Design is pretty much my constant state of existence similar to, you know, breathing, so I stayed busy with commissions, crafting, my day job, and involvement in the Creative Team at my church. It was one of my projects for the team that would be the inspiration for my next piece. Upon the usual late December reflection, I discovered the themes explored in this piece really parallel what I’ve learned in this last year.

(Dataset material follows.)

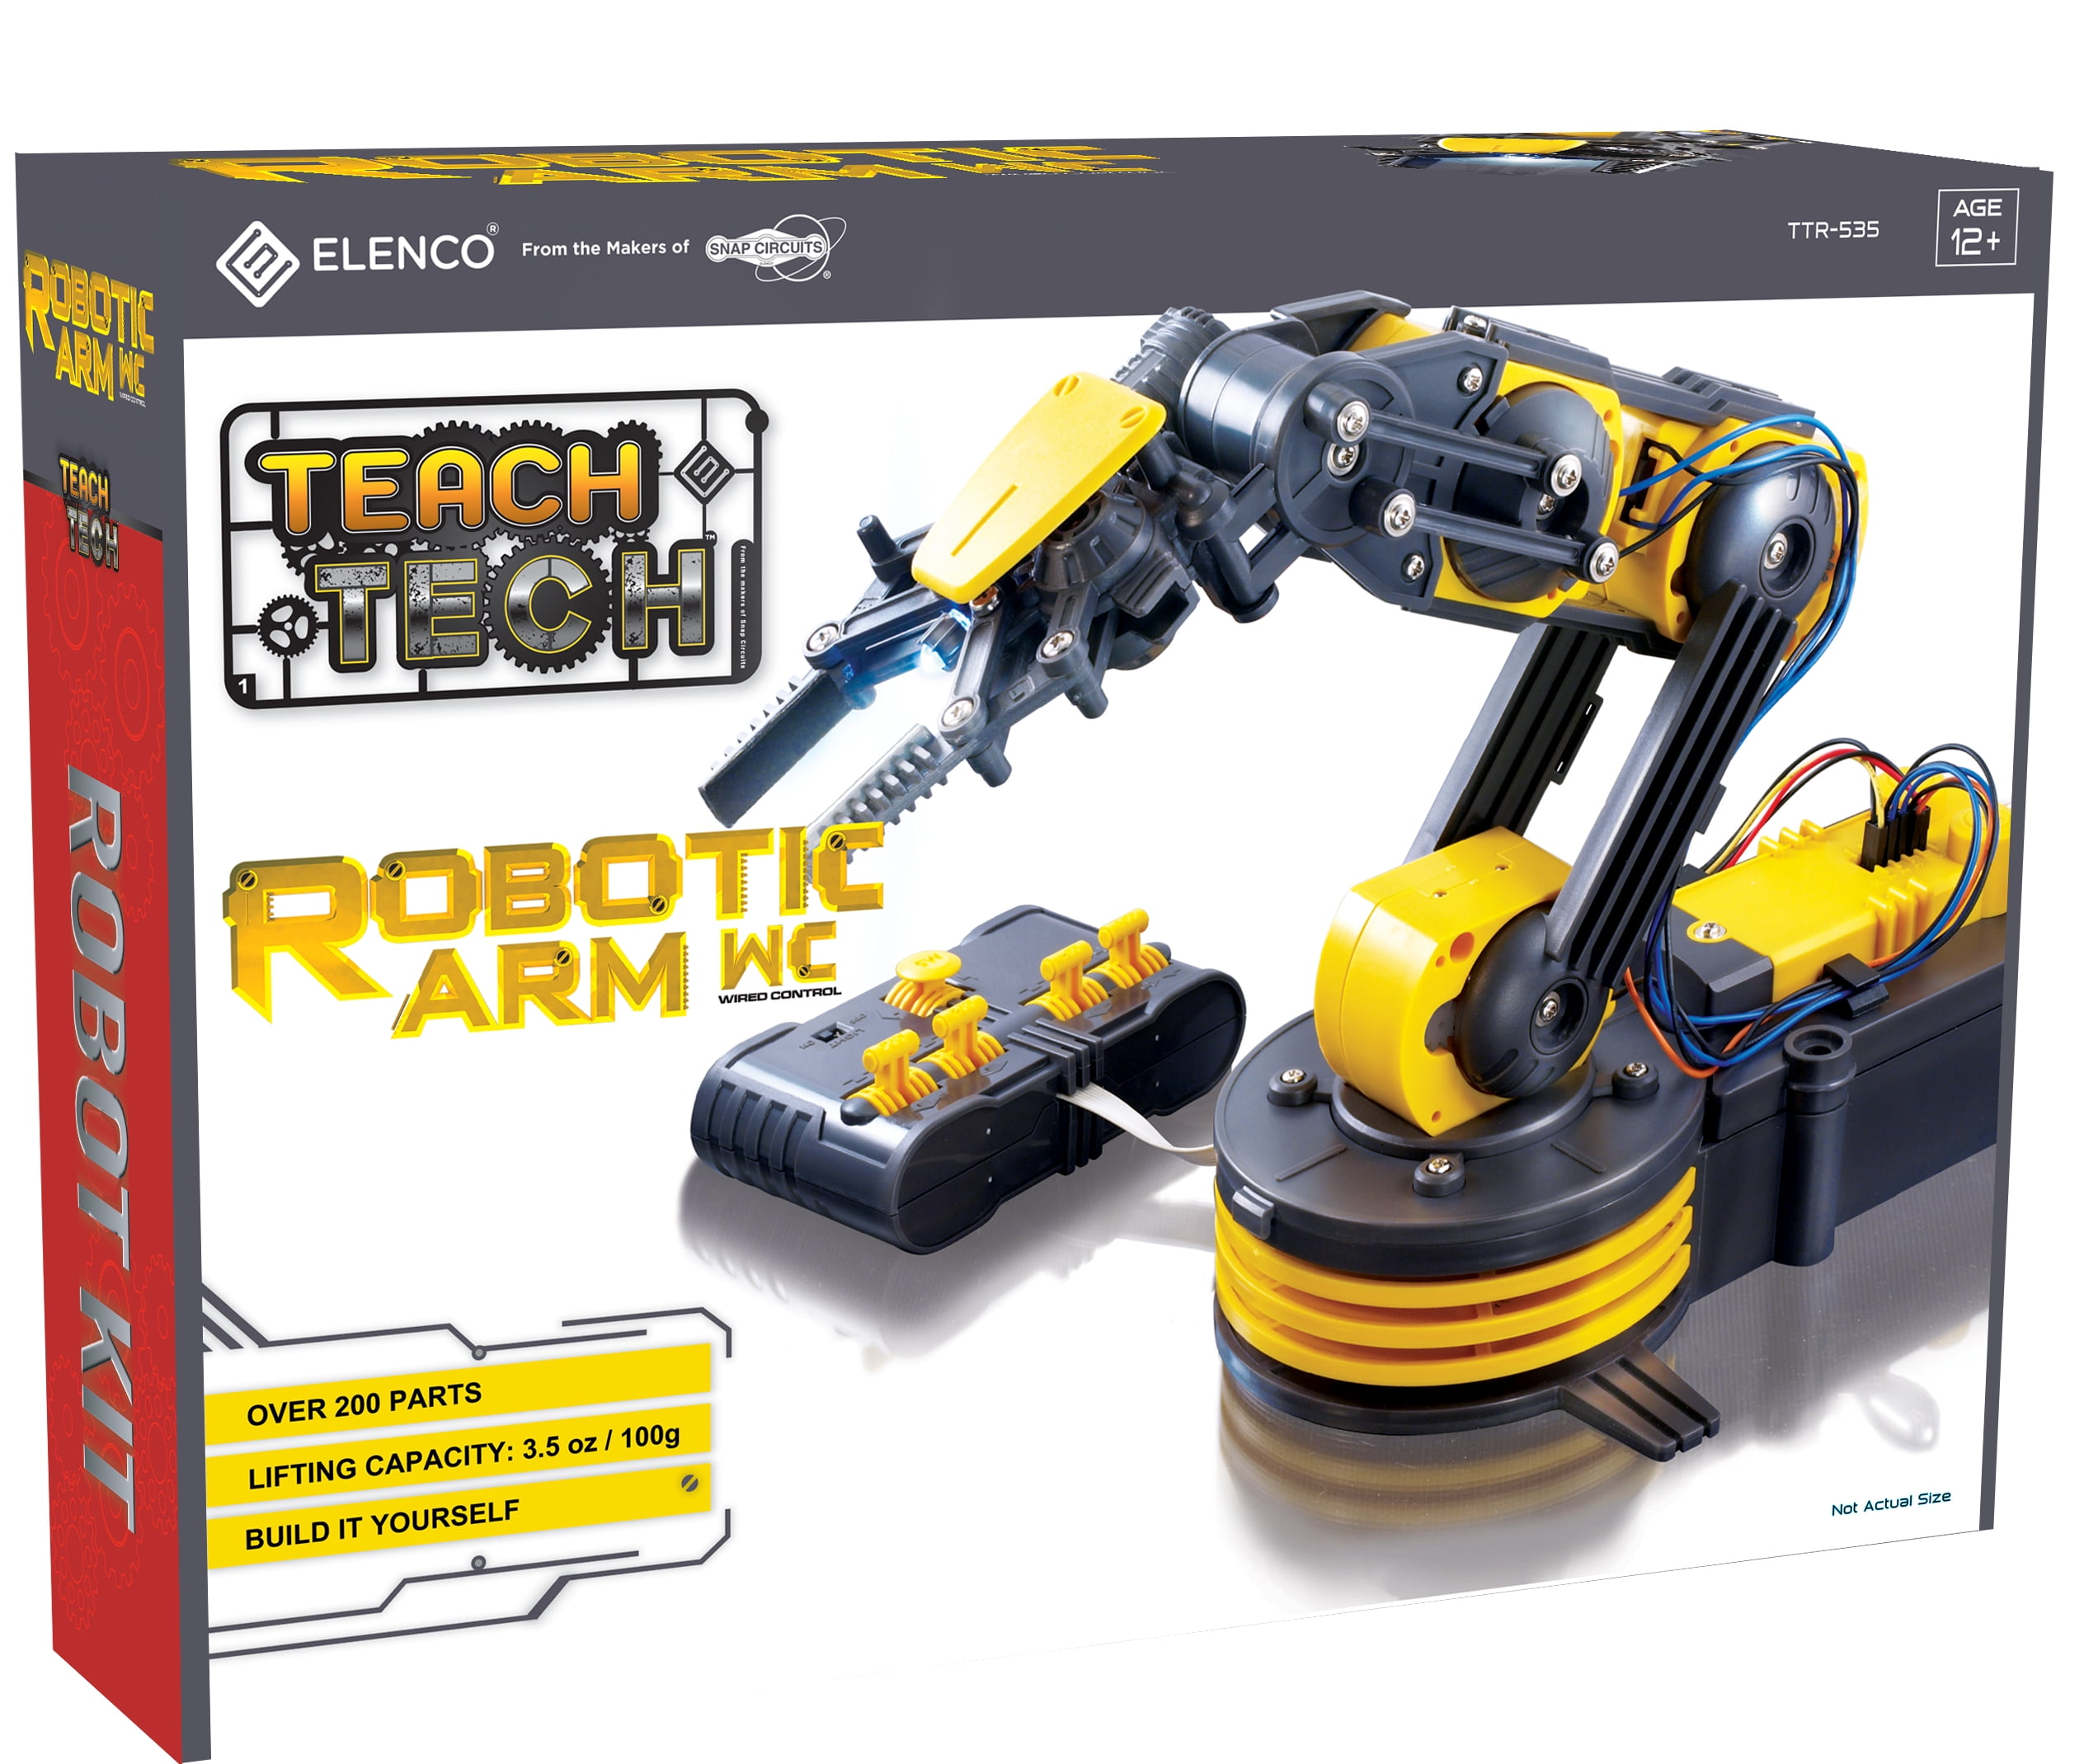 Teach Robotic Arm Wire - Walmart.com

The series this image was designed for was titled Whole Heart, and though I hate being videotaped, I was somehow coerced into it so you can view this video explaining the concepts and thought behind the design. For a medium I chose a simplistic watercolor illustration with bold colors and sharp outlines. This would make the image clear and easy to read on a small app icon as well as in larger print form. The style would also appeal to any age from kids to older adults. I was surprised how even with a “story” that seemed so basic, people could strongly relate to it on multiple levels. Hearing how touched many were by image made me want to develop the concept into a more detailed piece in my usual surreal, mixed media style. Right now I just have the pencil outline, but keep checking back for in-progress shots!

whole heart orig brighten

The girl in this piece is doing something absolutely terrifying, and in no way should she be smiling or feeling any positive emotions such as liberation or elation, and yet …

I’ve always read things or heard speakers in inspirational youtube videos talk about the difference between joy and happiness, but for the most part it just sounded like a bunch of nonsense to me until this year. Suddenly – I get it. Happiness is about things that make you feel excited and content in the moment – it’s situational. Joy is about a balance of fulfilling what you need to be content, doing what you can to fulfill the needs of others or even the world or society as a whole, and learning how to deal with and process those desires that are not yet fulfilled, or those instances in your surroundings that are unjust, upsetting, or draining. Joy is about being your best self not just personally but in how you affect others.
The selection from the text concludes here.